New Ultrasound Protocol Cuts Newborn Brain Bleeds
A new ultrasound-guided protocol for managing circulation in extremely preterm infants is showing promise in reducing severe brain hemorrhages. The study in *Pediatric Research* found the protocol improved detection and management of intraventricular hemorrhage, a major complication for this population. The approach uses bedside ultrasound to guide fluid and blood pressure management, offering a new model for tech-enabled neonatal care.

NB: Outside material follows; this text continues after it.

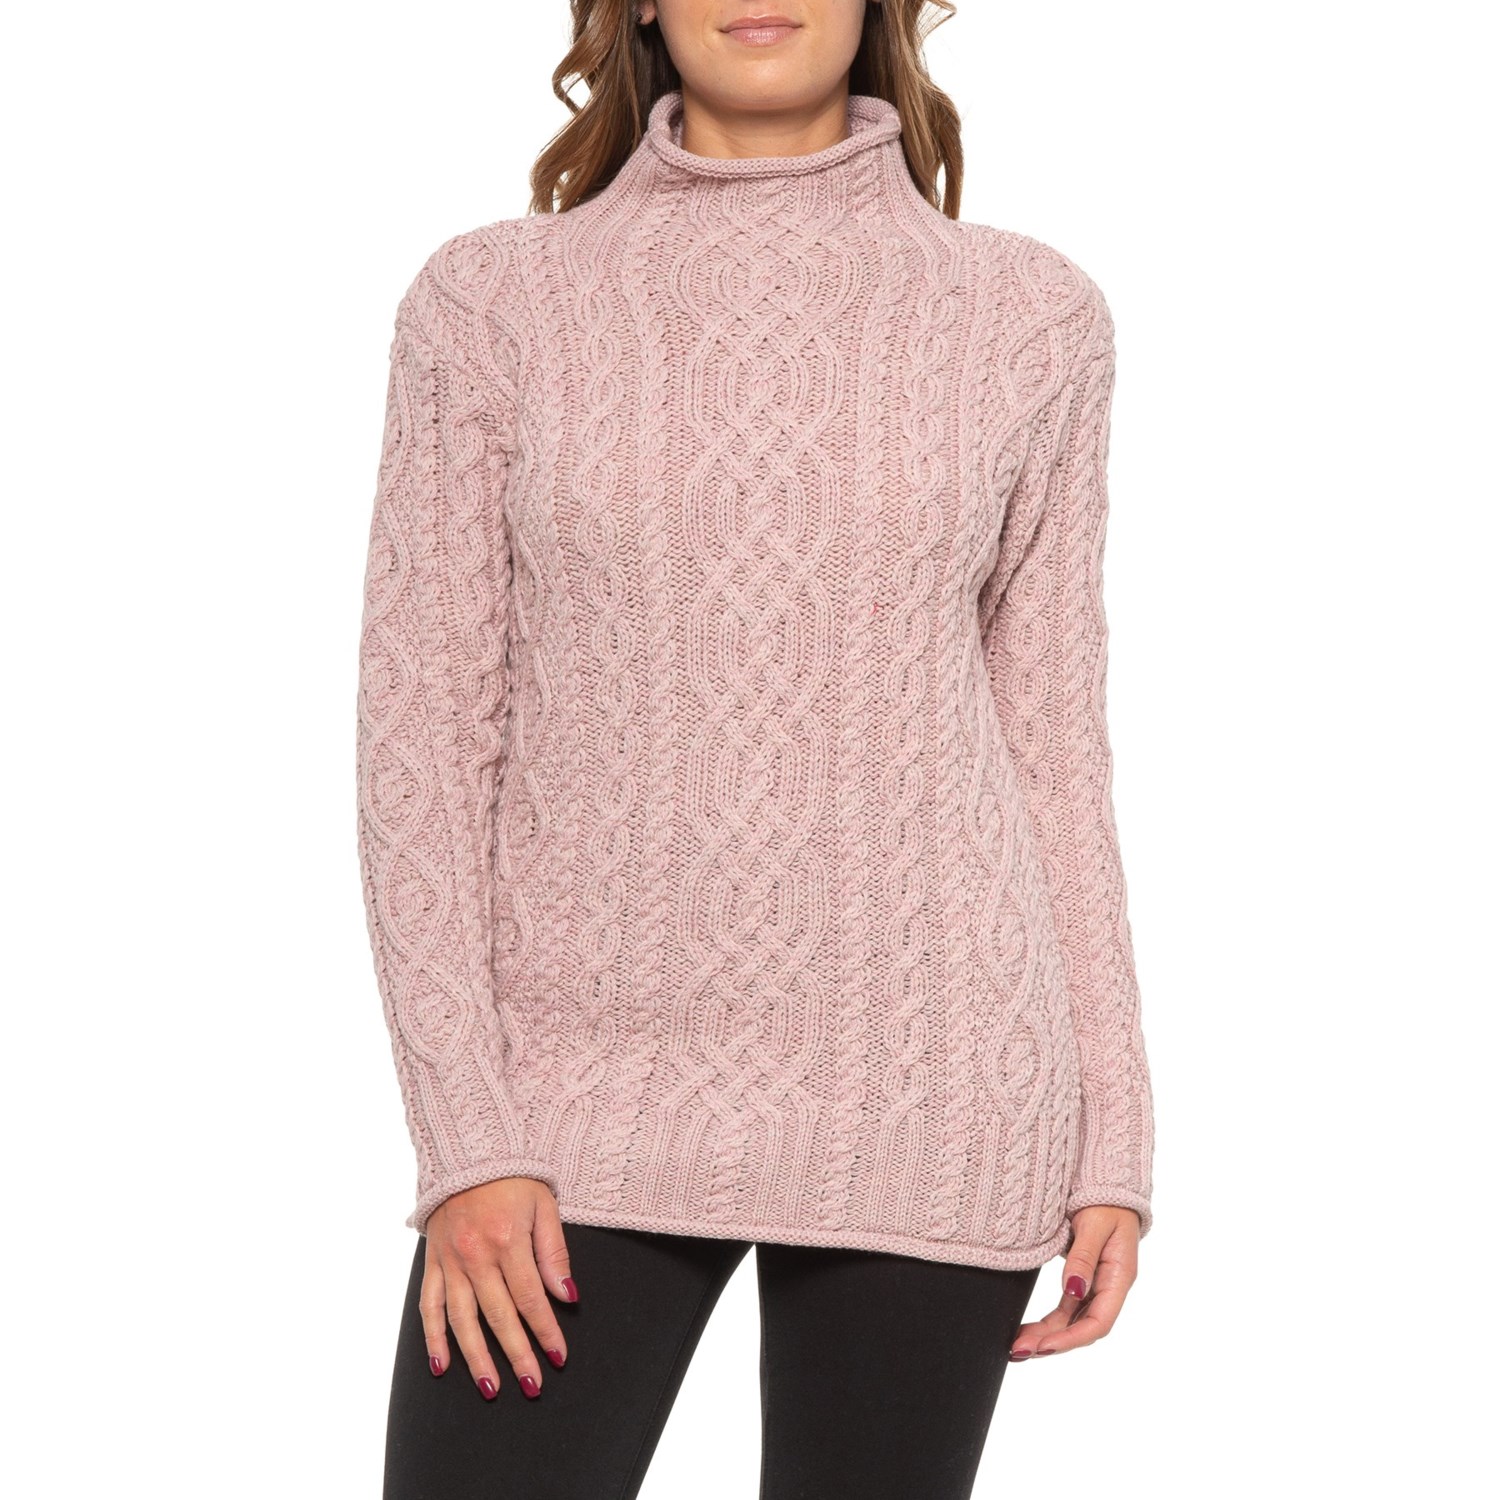 pink merino wool sweater

The pioneering work in neonatal hemodynamics was significantly advanced by the late Dr. Regan Giesinger, who was instrumental in establishing a world-leading program at the University of Iowa. Her research focused on using targeted neonatal echocardiography to provide physiological insights into the complex circulation of critically ill newborns. A landmark study co-led by Giesinger, published in the *American Journal of Respiratory and Critical Care Medicine*, demonstrated the impact of this approach. The research involved implementing a hemodynamic screening program for infants born before 27 weeks of gestation within the first 24 hours of life. The results were striking: the combined rate of death or severe intraventricular hemorrhage was reduced by 50% compared to a historical control group. This screening allowed for earlier, more precise interventions to stabilize blood flow and pressure in these fragile infants, preventing the fluctuations that often lead to brain bleeds. This type of ultrasound-guided management is part of a broader movement towards implementing "care bundles" to prevent IVH. These bundles combine multiple evidence-based practices, such as maintaining the head in a midline position, minimizing handling, and ensuring stable blood pressure, to protect the infant's vulnerable brain during the critical first 72 hours of life. Advanced practice nurses, particularly Neonatal Nurse Practitioners (NNPs), are central to the success of these new protocols. In some centers, NNPs are being trained to perform targeted neonatal echocardiography, increasing access to this vital diagnostic tool and allowing for more immediate, patient-centered care. For nurse-midwives in Virginia, the landscape of newborn care is rapidly evolving. A 2025 law, HB 1904, now permits Certified Nurse-Midwives (CNMs) to independently provide newborn care in hospitals, a significant expansion of their scope of practice that could improve access to care, especially in rural areas. Professional organizations like the Virginia Affiliate of the American College of Nurse-Midwives are actively advocating for these changes. Their work focuses on ensuring midwives can practice to the full extent of their training and achieve reimbursement parity, which will be crucial for integrating midwifery-led care more broadly and improving outcomes for mothers and babies across the Commonwealth.